VISUALIZING FRANKENSTEIN
OPEN HOUSE
According to event co-organizer Courtney Floyd, a doctoral candidate in the Department of English and a graduate employee with the science library, Visualizing Frankenstein is an opportunity to do more than just impersonate a mad scientist. During the Oct. 30-31 open house, students and faculty members can drop in the Visualization Lab for a hands-on introduction to using the latest digital scholarship tools.
“I encourage everyone to visit the space and experience its extraordinarily high-resolution — 50-million-pixels — display capabilities,” said Floyd. “Attendees also will have the opportunity to use the Palladio interface to map events in 'Frankenstein' and connect places in time. They can record themselves reading part of the novel and use Sonic Visualiser to interpret the sound. And they can use Voyant, a tool for digital text analysis, to decide whether the monster should be called Frankenstein, Frankenstein’s Monster or something else altogether.”
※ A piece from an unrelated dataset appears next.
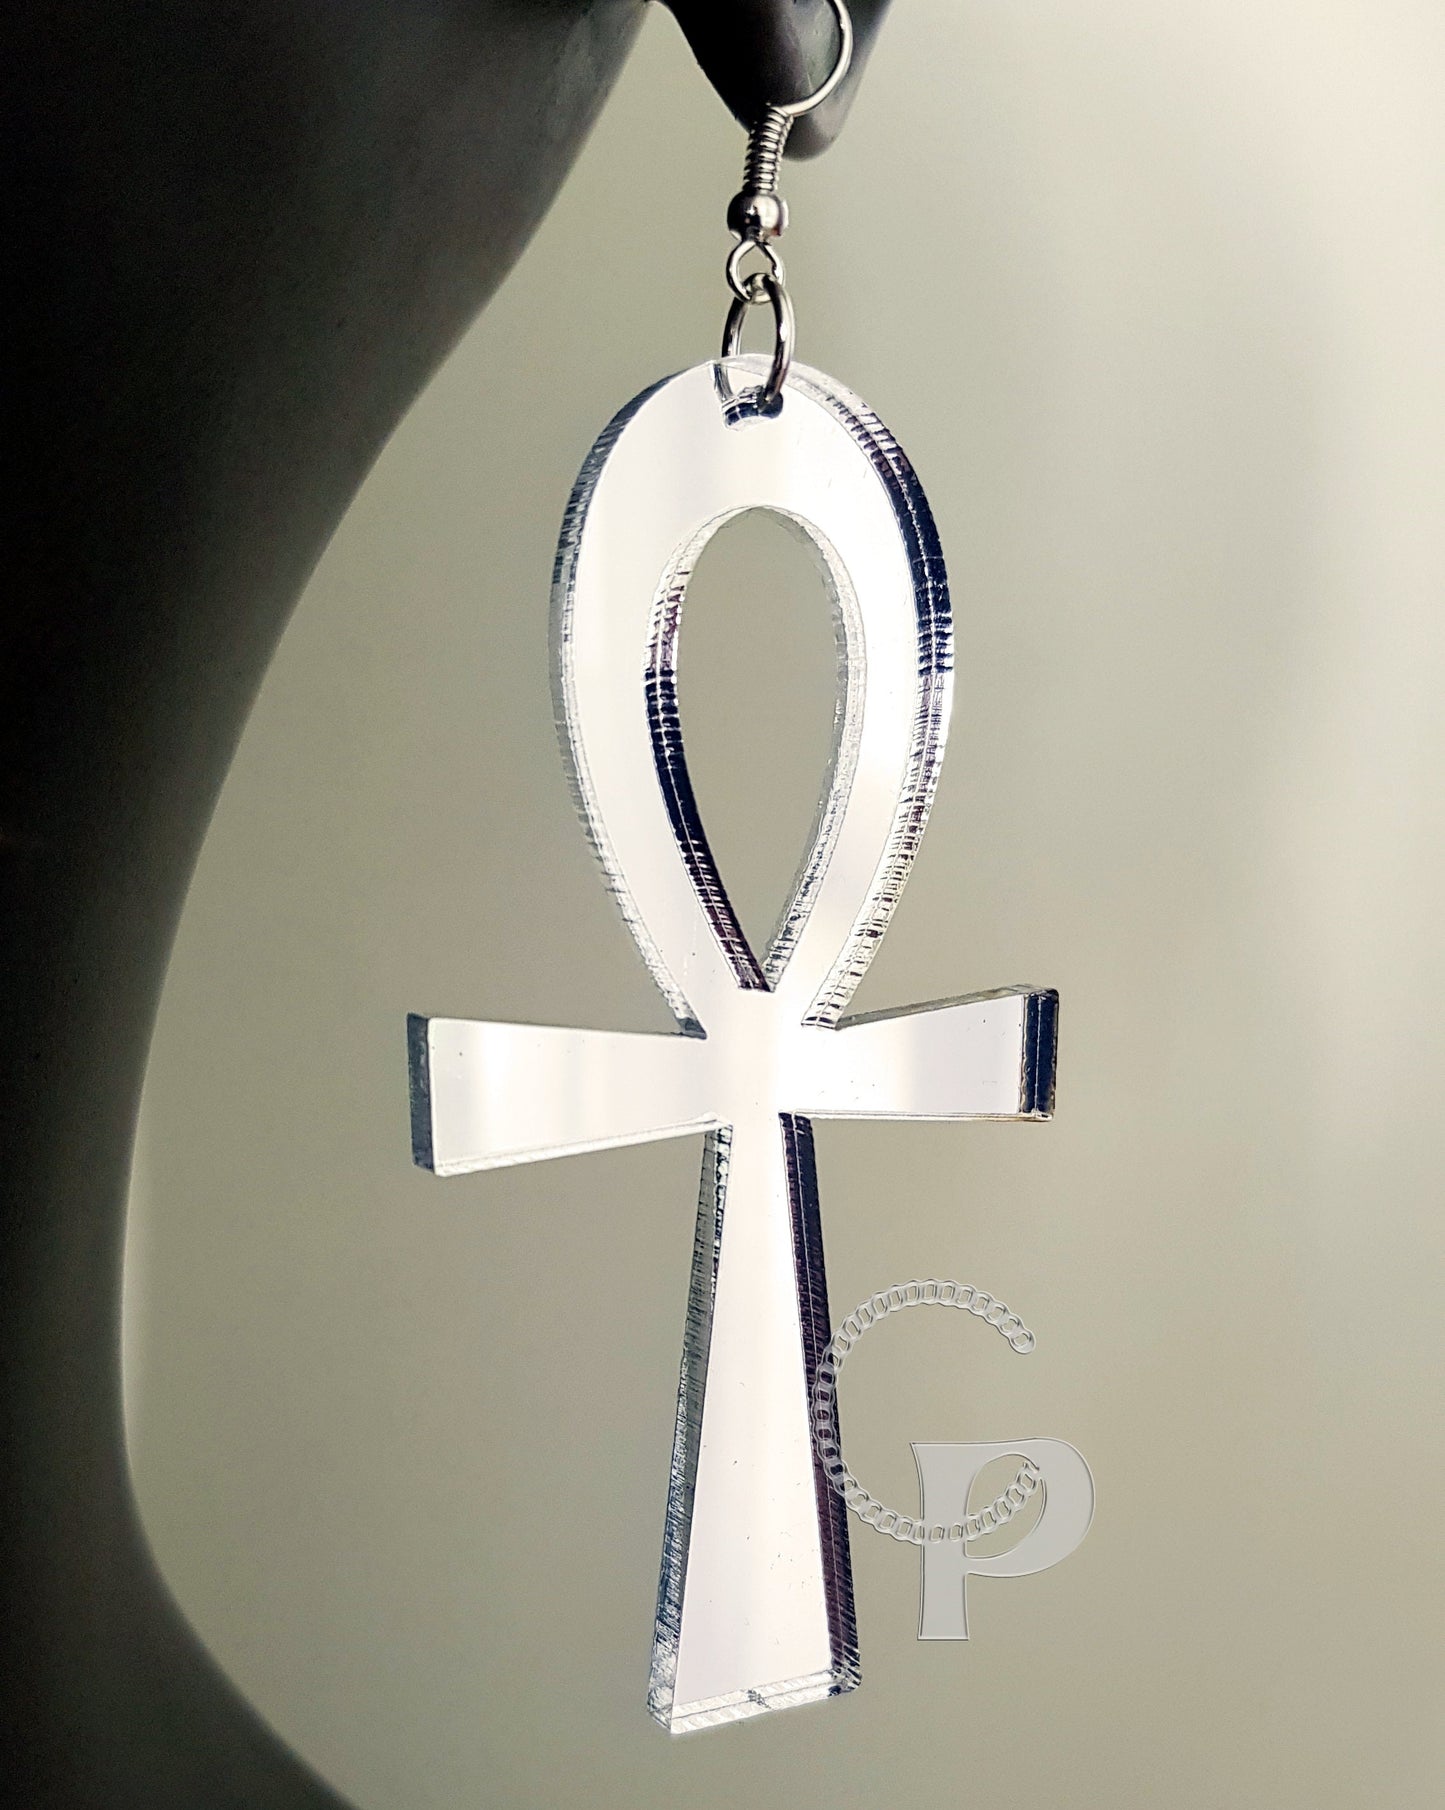 Ankh earrings in silver or gold mirror acrylic Africa Symbol Egyptian Cross

Although it is now two centuries old, Shelley’s novel continues to lend itself to new scholarship and exerts an enduring cultural influence. The inspiration for countless stage plays, movie and television adaptations, comics, toys, popular songs, video games and more, it also continues to rank as one of the most widely read and studied works of literature worldwide.
According to the Open Syllabus Project, “Frankenstein” is the most frequently taught literary work in college English courses and the fifth most frequently taught book in college courses across all disciplines.
Like the monster at the center of its narrative, “Frankenstein” the book was famously born out of both intellectual foment and chilling circumstances. The author and her paramour and soon-to-be husband, the Romantic poet Percy Bysshe Shelley, were spending the summer of 1816 at a Swiss villa rented by the notorious Lord Byron. Owing to a massive volcanic eruption in the South Pacific, weather across the entire northern hemisphere was unseasonably cold and dreary that year. Forced to abandon the open-air recreations they had planned, the group retreated indoors and found entertainment in intellectual debates and reading aloud from a volume of traditional ghost stories. Byron proposed that they hold a contest to see who could invent the most frightening, original tale.
In the end, it wasn’t much of a competition. Byron produced only a fragmentary story inspired by Balkan vampire legends, and Percy Shelley produced nothing at all. But Mary, inspired by “grim terrors” of a particularly vivid “waking dream,” composed the first, short-story-length draft of “Frankenstein."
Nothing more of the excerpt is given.